I agree Squillo. There is no one right way to have a baby. Some folks are thrilled with their elective repeat c-section. And don’t get me started on bonding and the adoptive parent. If what some “experts”say about bonding it true, then my sister’s kids are not nearly loved enough because my sister did not have them pass through her vagina. Now that is ridiculous! My sister loves her children very very much and they have bonded just fine. I find it an insult to adpotive parents….But I will shut up now before I go off. Which going off is not hard to do…
you are completely misinterpreting the whole point of midwifery. for many of us out there, we want this information, we need this help. no need to twist the information. there is no set-up. women can have a beautiful experience if they choose to do the work. getting out the information is vital to our health. i have not seen anyone work as hard as midwives. love them!!!
I am not attempting to comment on midwifery; I love midwives, too–a CNM saved my son’s life.
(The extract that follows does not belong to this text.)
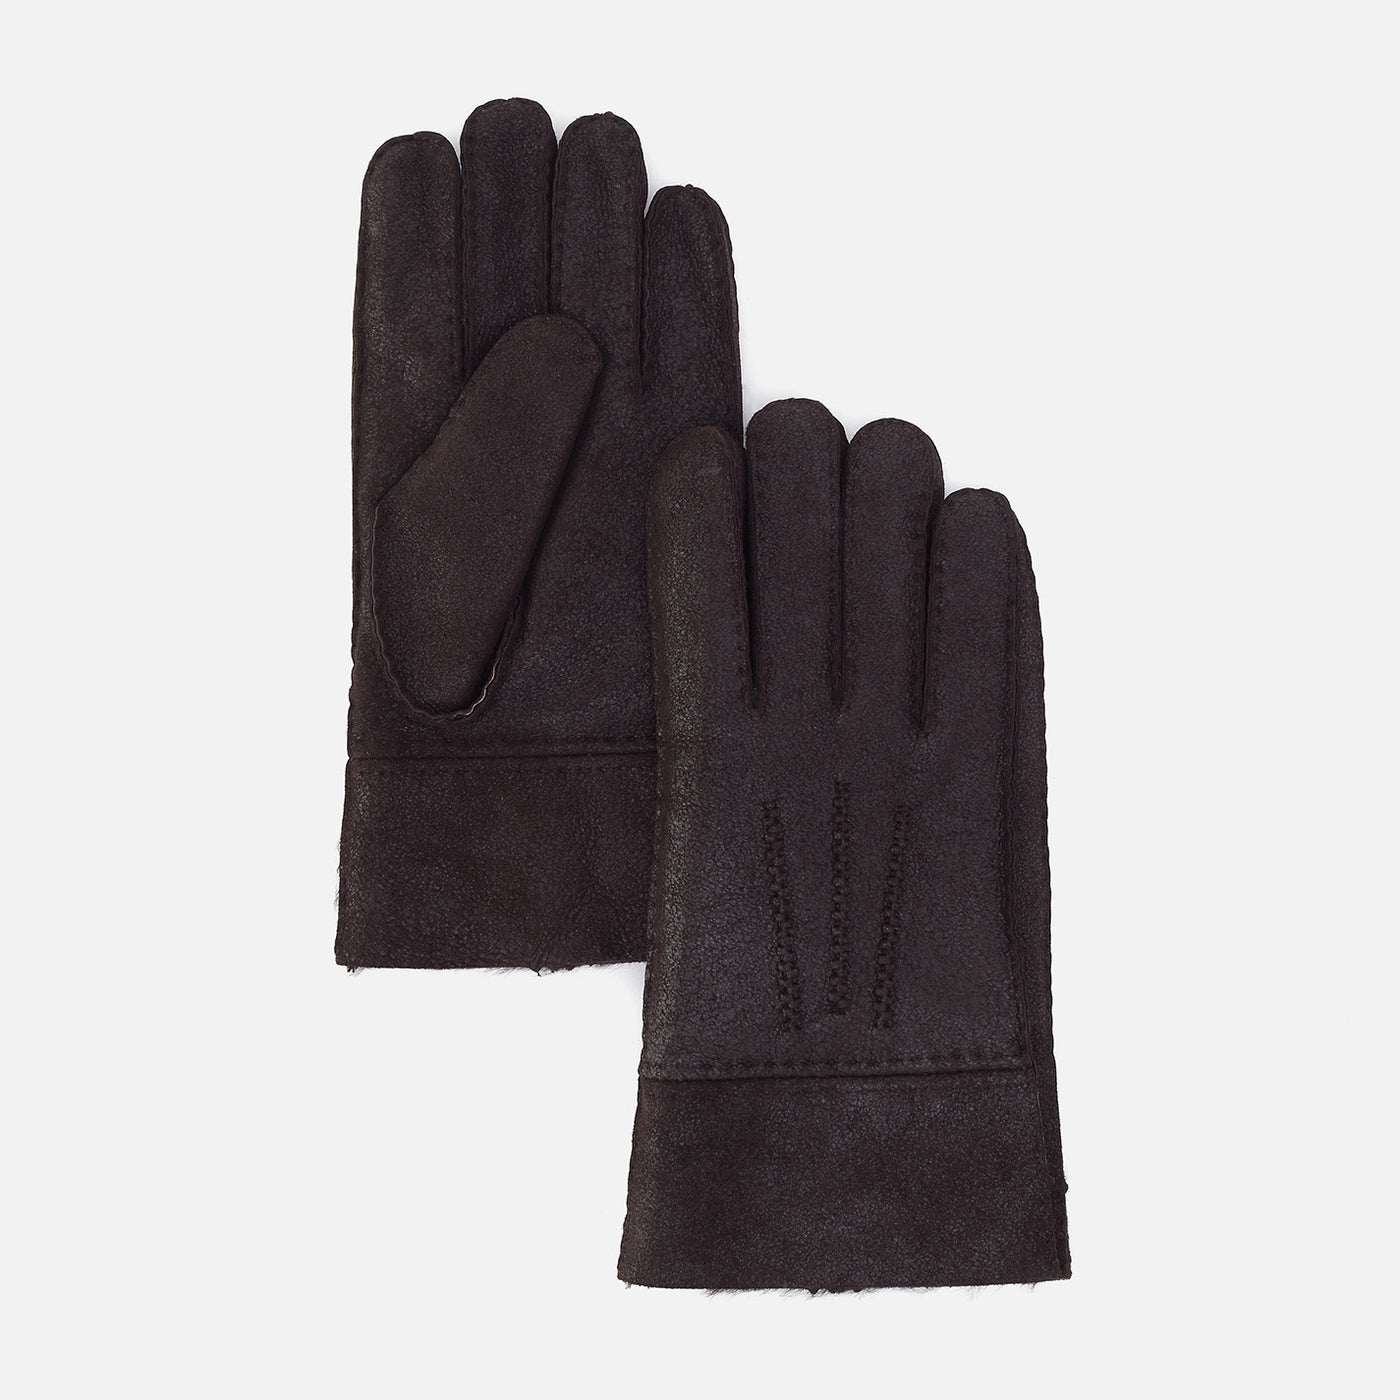 Rugged Black Aviator Sheepskin Glove in Aston Leather - L

I think Jan Tritten is a poor representative for midwifery.
Information is one thing, but what Tritten does is attempt to define what is “good birth” and “bad birth” for women in general, according to totally subjective criteria.
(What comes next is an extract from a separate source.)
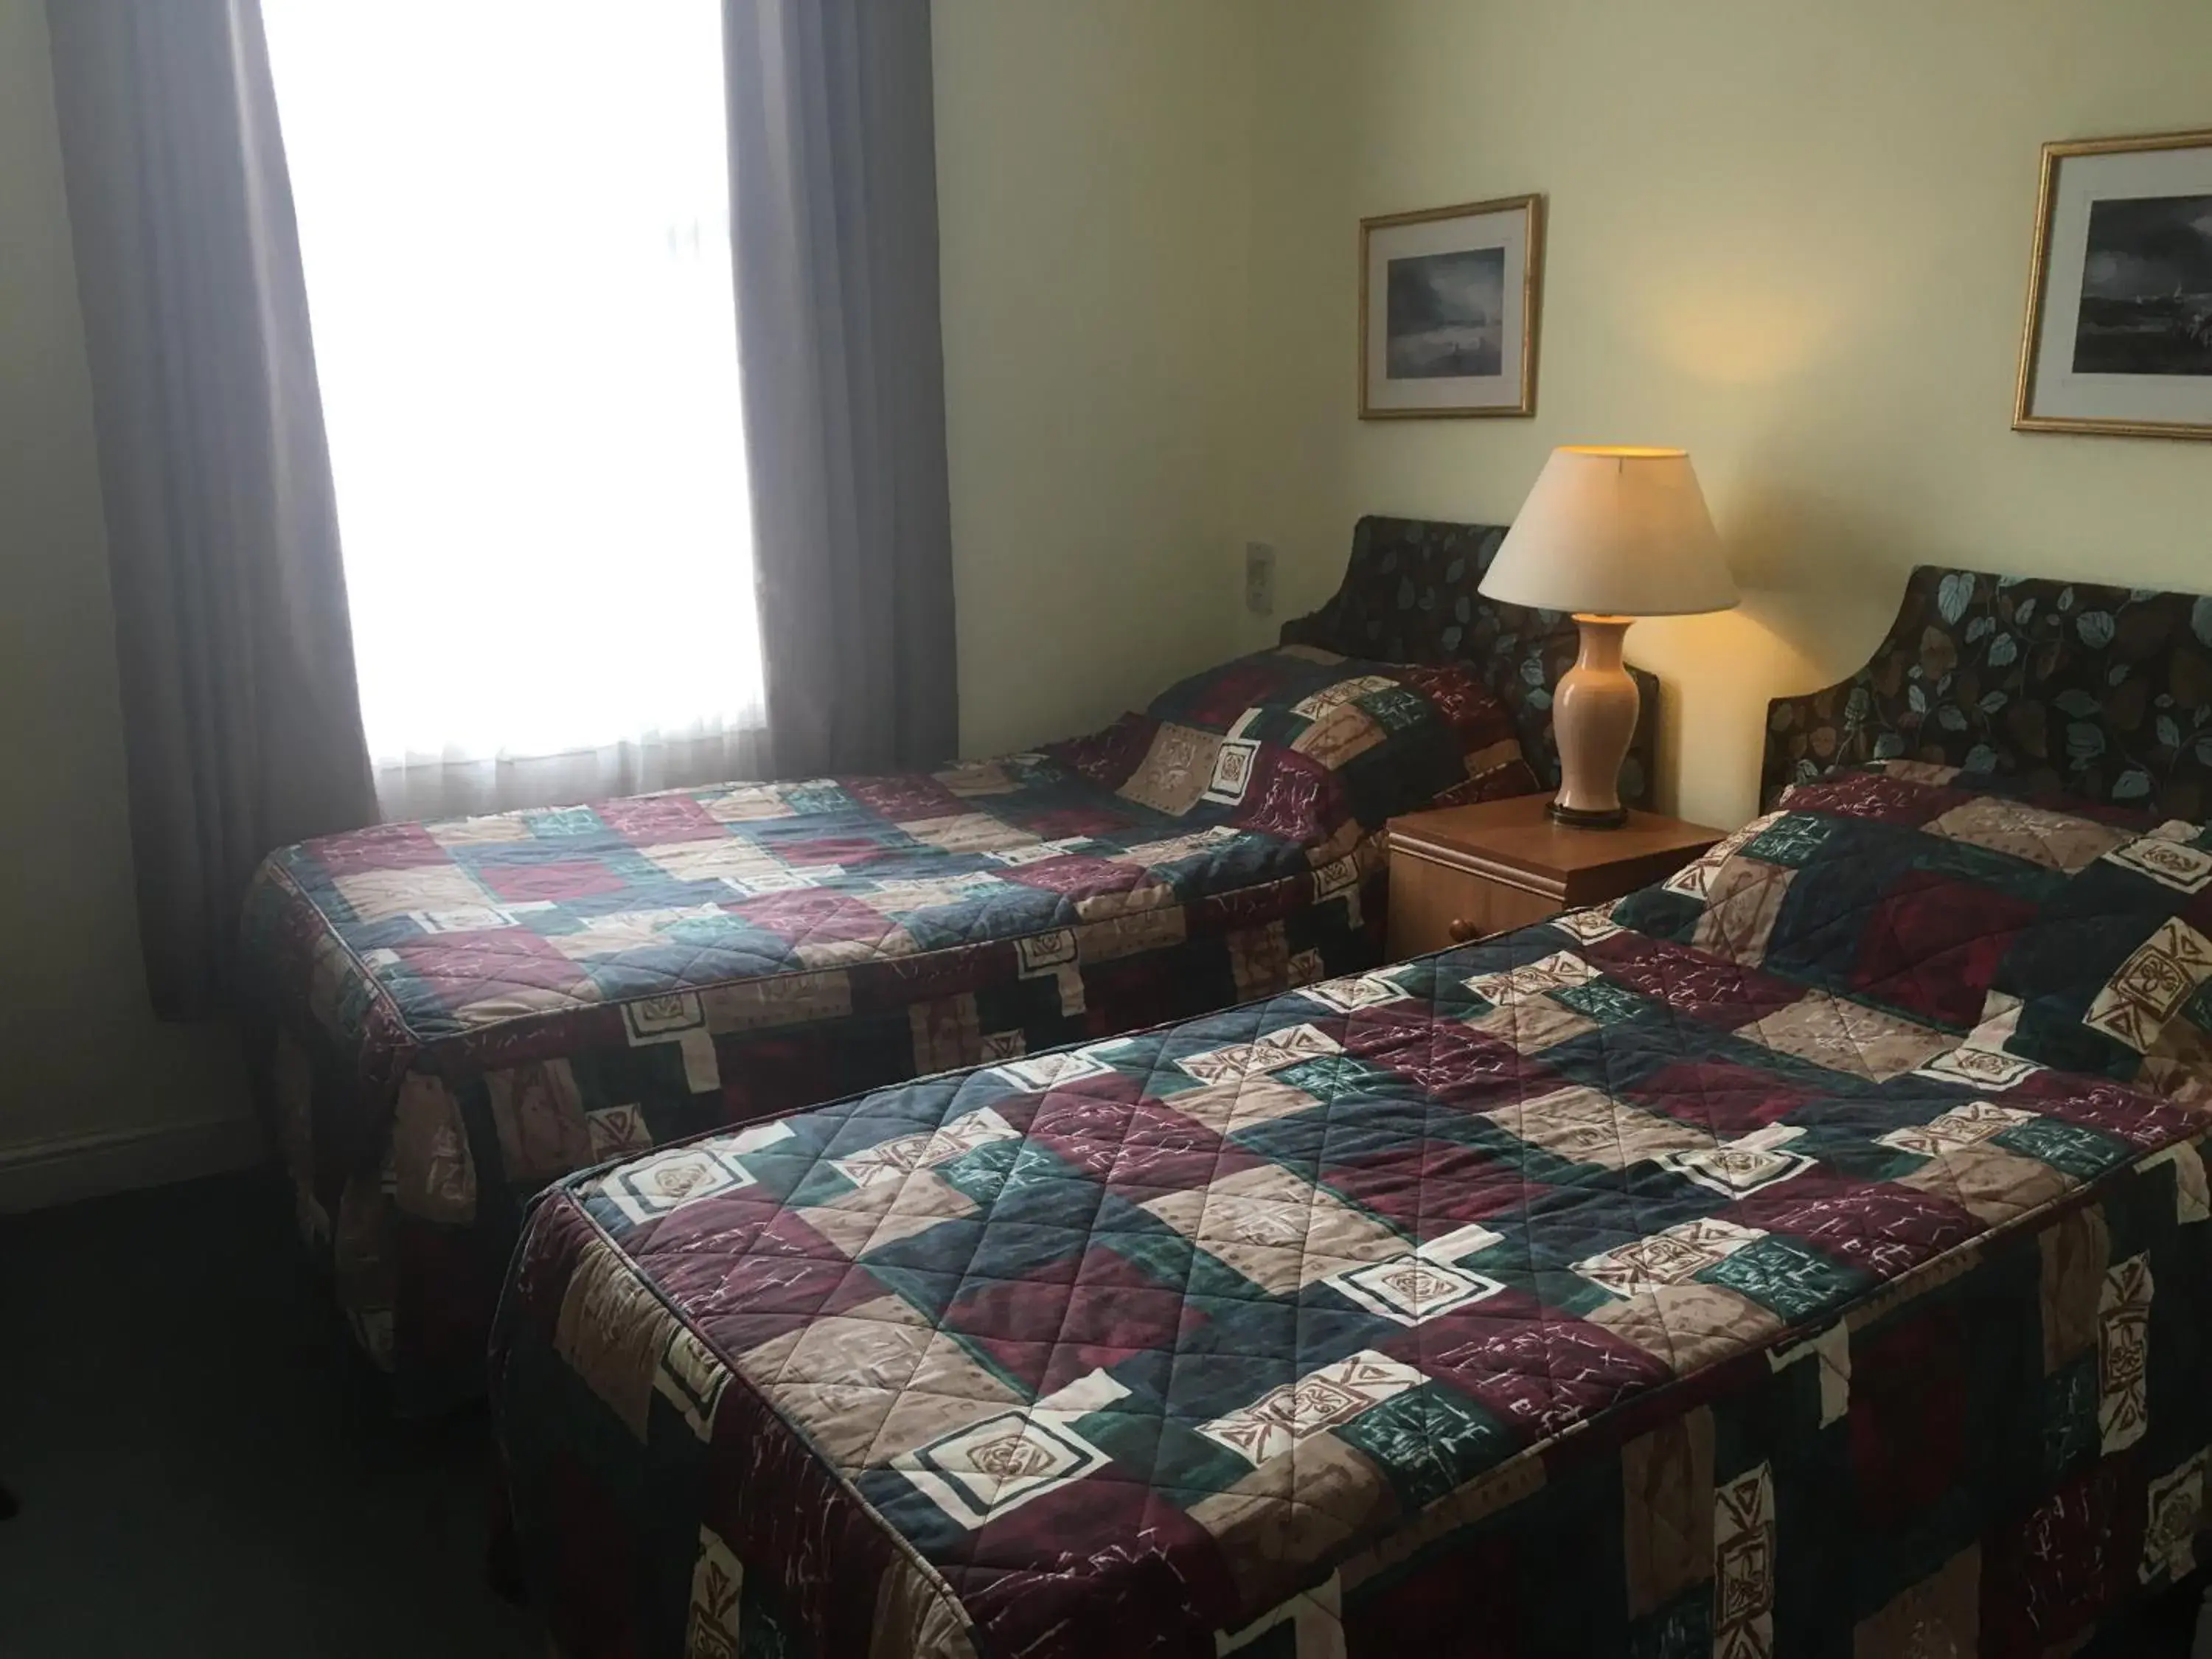 Bed, Room Photo in Dukes Head Inn

Women can–and do–have beautiful experiences having done no work at all (I did.) Others can do all the “work” Tritten recommends, and have terrible experiences–made all the worse by Tritten’s pontification on the topic.
What Tritten does is set suggestible women up to believe that, if they don’t have a very specific birth experience, it’s a) objectively bad; b) their fault; and c) going to affect their–and their baby’s(!) whole lives.
I think that’s wicked.
I read a message board where two women had homebirths and were shocked by how difficult they were and how far they were from what they expected. Both women were having a second child and that, combined with all the work they did to prepare, led them to believe labor would be relatively easy. Both had labors that were so horribly painful that they are considering hospital births for any subsequent children so they can get the epidural. Luckily, both these women are pretty strong and stable emotionally, so they aren’t crushed with disappointment over how it turned out. But they both say they found unmedicated labor to be a humbling experience and they would never judge another woman for opting for pain relief. Too bad Liz Tritten isn’t as wise.
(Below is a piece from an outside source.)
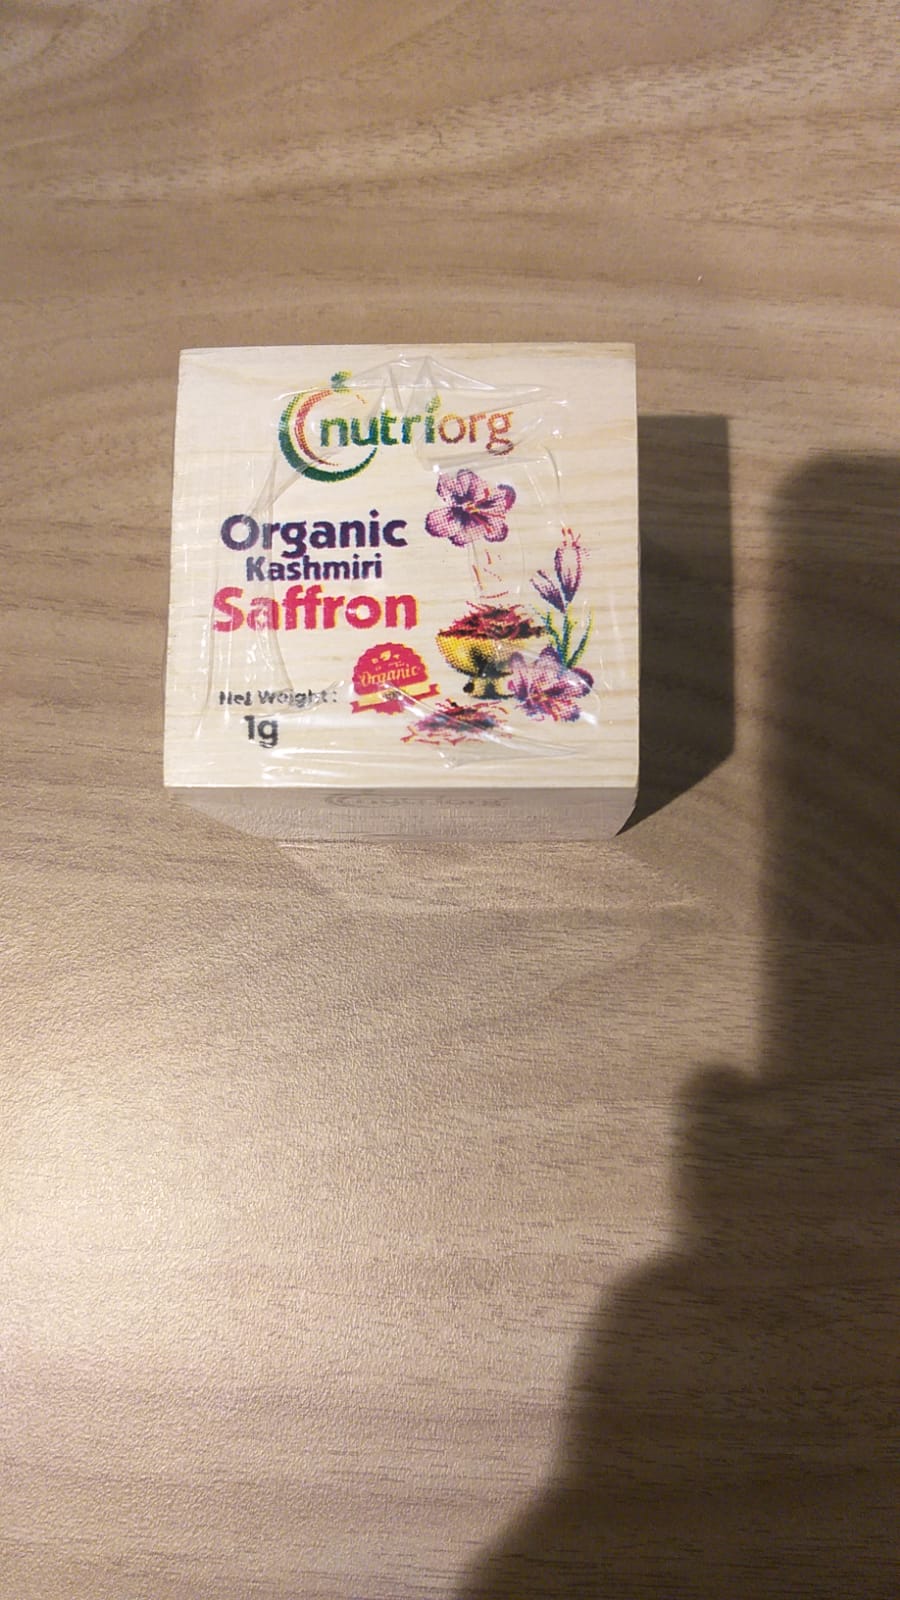 Organic Kashmiri Saffron (Nutriorg)

No shit! Huh? It just feeds the notion that some women have “failed” at birth. I believe birth does matter and if you can have a nice birth that can really make you feel wonderful about the whole process and I do think, thinking positively about the birth experience is helpful. But to think that one day will effect your whole life no matter who you are, is not helpful or in fact true in any way.
I do think that going into the process with a positive attitude is really really helpful. And I do think having a plan beyond just inserting an epidural is helpful too. Because your epidural may not work out as well as you had hoped. But I think only zealots fetish birth. Hey not everyone is mentally sound.
Birth is obviously an important emotional event, but to set up such grand expectations is so harmful. A good attitude is one thing–nothing wrong with hopeful expectation that overall it will be a positive experience–but believing one can control the many of the specifics if only one does the “right” things is a sure set up for disappointment. And yet, this is exactly what Tritten is selling.
My first birth involved a fair amount of intervention and some scary moments–I certainly didn’t expect them–but, given the good outcome, I look back on it as a very happy, and largely pleasant experience. If I had bought into Tritten’s crap, I might very well be disappointed and “traumatized.”